Imaging RHEL WS 4 - integrating into multi boot
 
Hi,

We have a development environment where developer workstations are multi-boot systems booting XP/Vista using a third party boot manager
called System Commander. The developers have a need to use Red Hat Enterprise Linux 4 WS. So what I want to do is resize the 2 windows partitions and squeeze in RH on the end. I tried Acronis and I am not really sure how to restore the partitions as there are 3 to restore and I am not sure how the partitions will act when restored.

Also tried ghost, can't restore multiple part. with the version I had
(8). On to Clonezilla. I can backup up and restore to a disk FINE. But I can't seem to get the restoreparts option to work. I am not sure what options to use. Default does not work and only restores the boot. I am sure I am doing something wrong.

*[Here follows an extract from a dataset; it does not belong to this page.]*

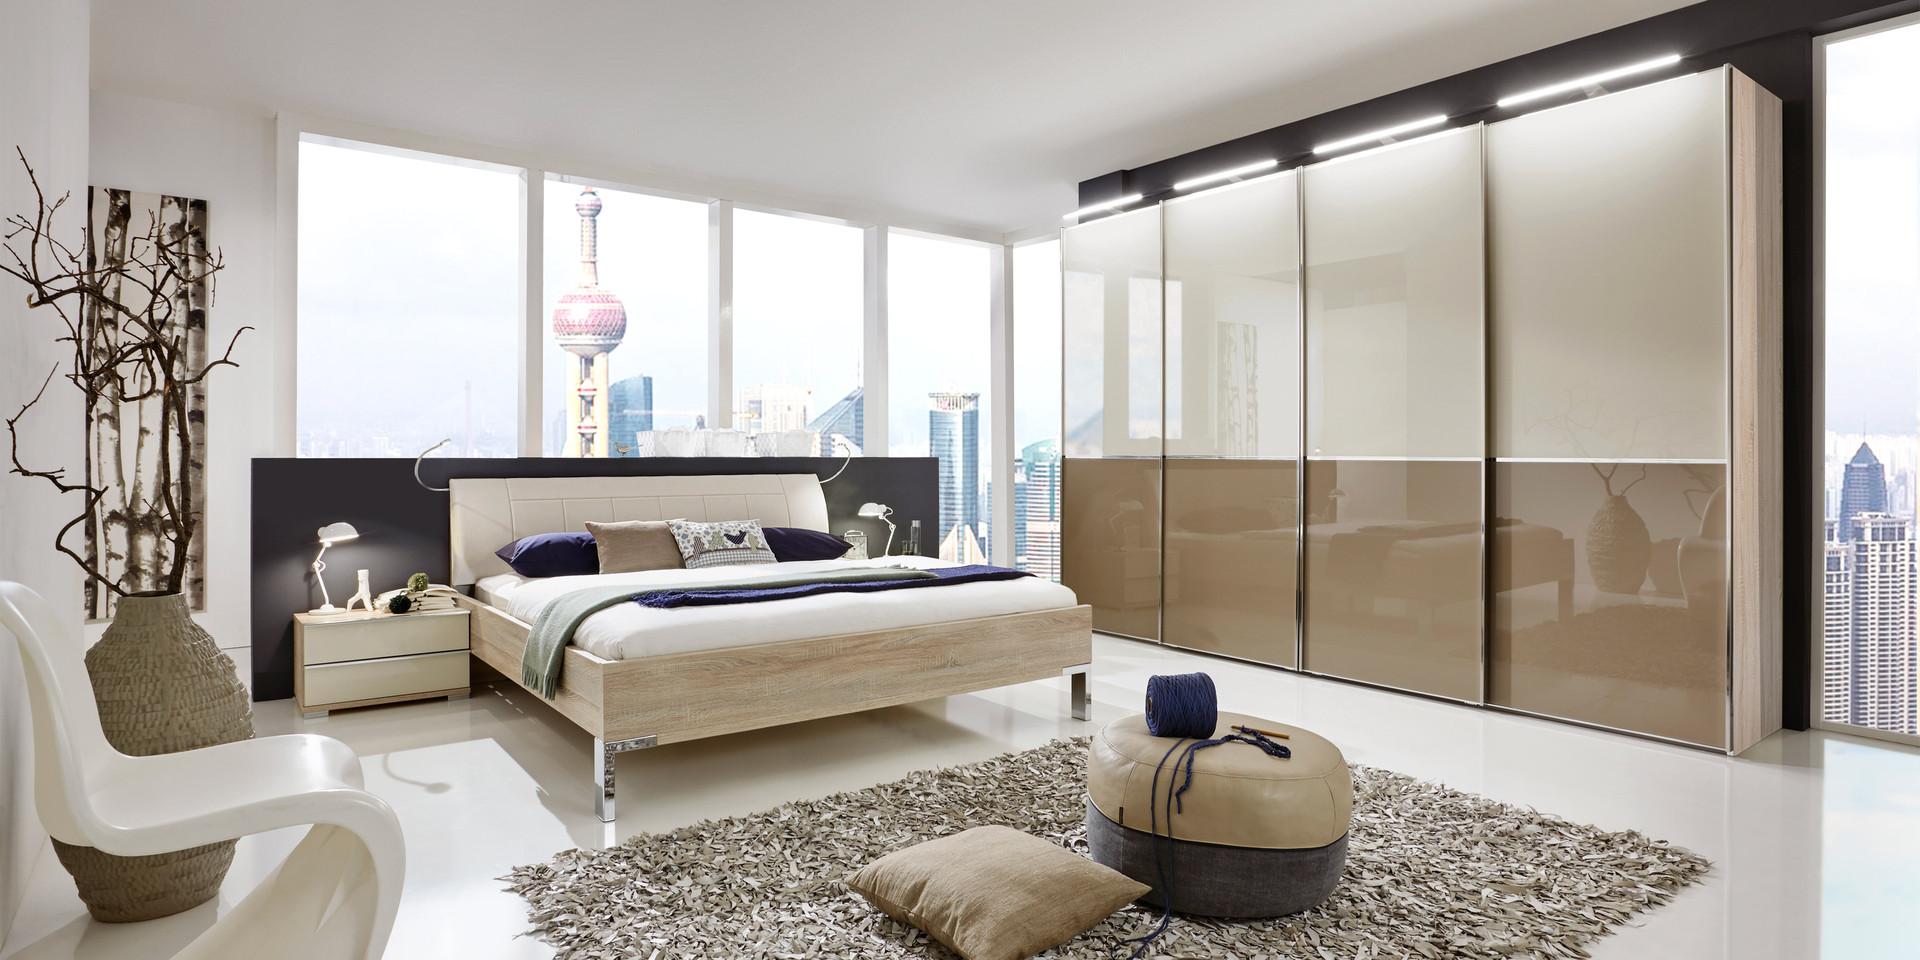 Chambre A Coucher Chambre A Coucher Ikea Moderne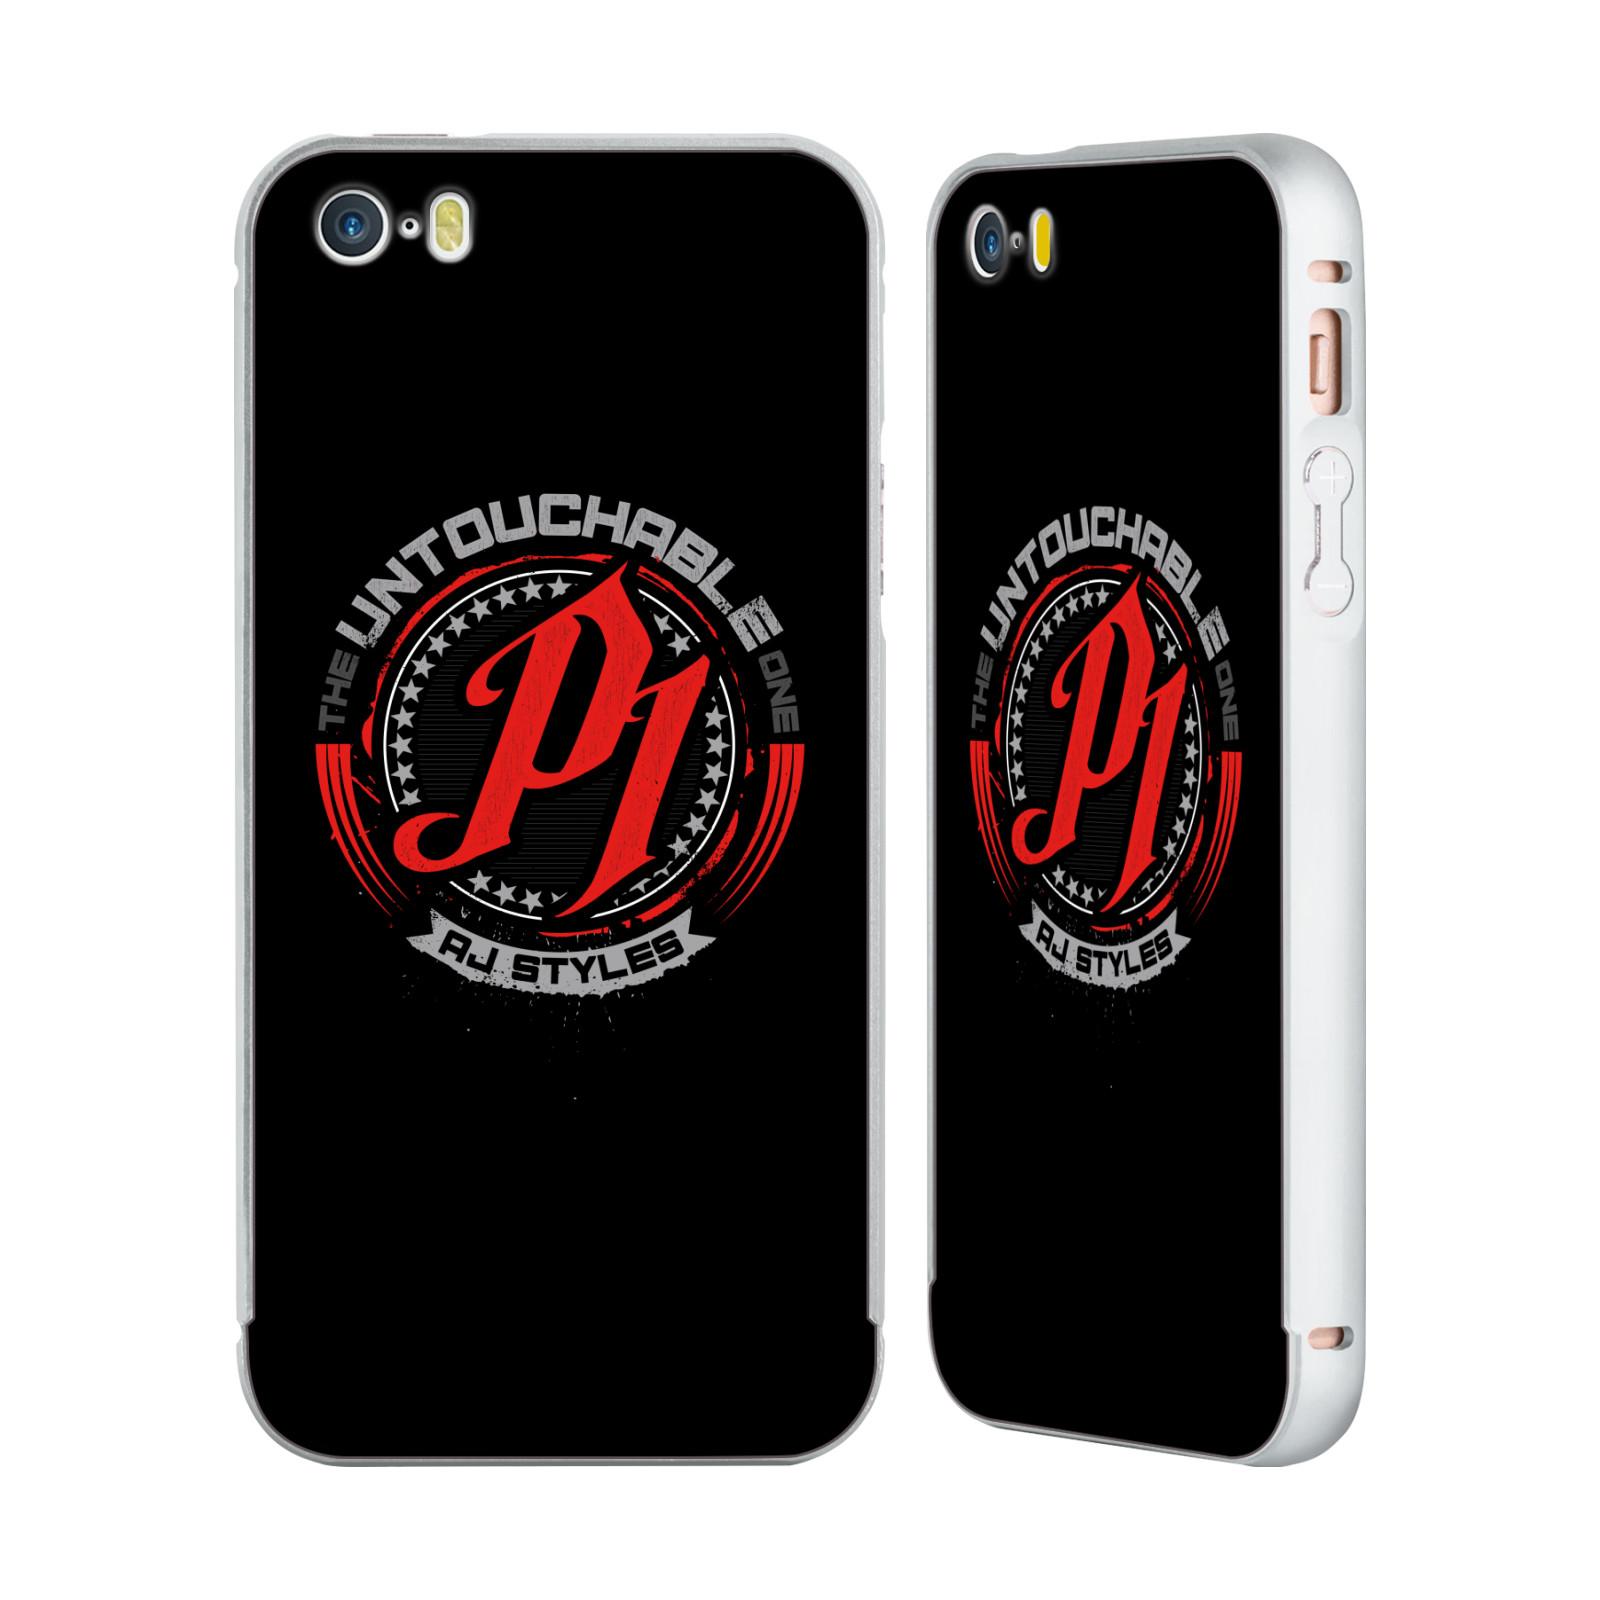 UFFICIALE-WWE-2017-AJ-STYLES-ARGENTO-COVER-CONTORNO-PER-APPLE-iPHONE-TELEFONI

Now trying g4l but it is a sector by sector copy. Takes forever and restores the same exact config.

Does anyone have a suggestion on what to use, how to do this? Ultimately I just want to take the linux image (which amounts to 3
partitions of its own) and place it on the last partition. System Commander has the option to hide OS's from each other, which is what I do.

What to do?????????

unSpawn 05-03-2009 04:45 AM

Quote:

Originally Posted by araczek (Post 3512524)
Ultimately I just want to take the linux image (which amounts to 3 partitions of its own) and place it on the last partition.

GNU/Linux needs partitions so you can't wedge 3 partitions into one physical primary or extended partition. What you could do is, on your installation machine, backup the partitions to a removable USB or Firewire disk (or just put the whole disk in an encasing and save time) then on the developers machine use fdisk to create an extended partition or enlarge it respecting the original partition sizes (check source and target disks with with fdisk -l), then use 'dd' to copy the partitions over. Per partition it'll look something like 'dd if=/dev/sdb1 of=/dev/sda5 bs=4096 conv=notrunc,noerror' (see 'man dd'). If you want GUI instead of CLI, boot any Live CD that contains gparted and you'll have a comfortable Partition Magic or Acronis-like interface with which you can just copy the partitions over. After doing that you'll have to boot Centos on the target disk from a Centos installer CD in rescue mode (or a Centos Live CD) to (re-)install GRUB in the partition if you got boot problems and adjust /etc/fstab since the partition names have changed.

//Task-related link-back: [1|2|3].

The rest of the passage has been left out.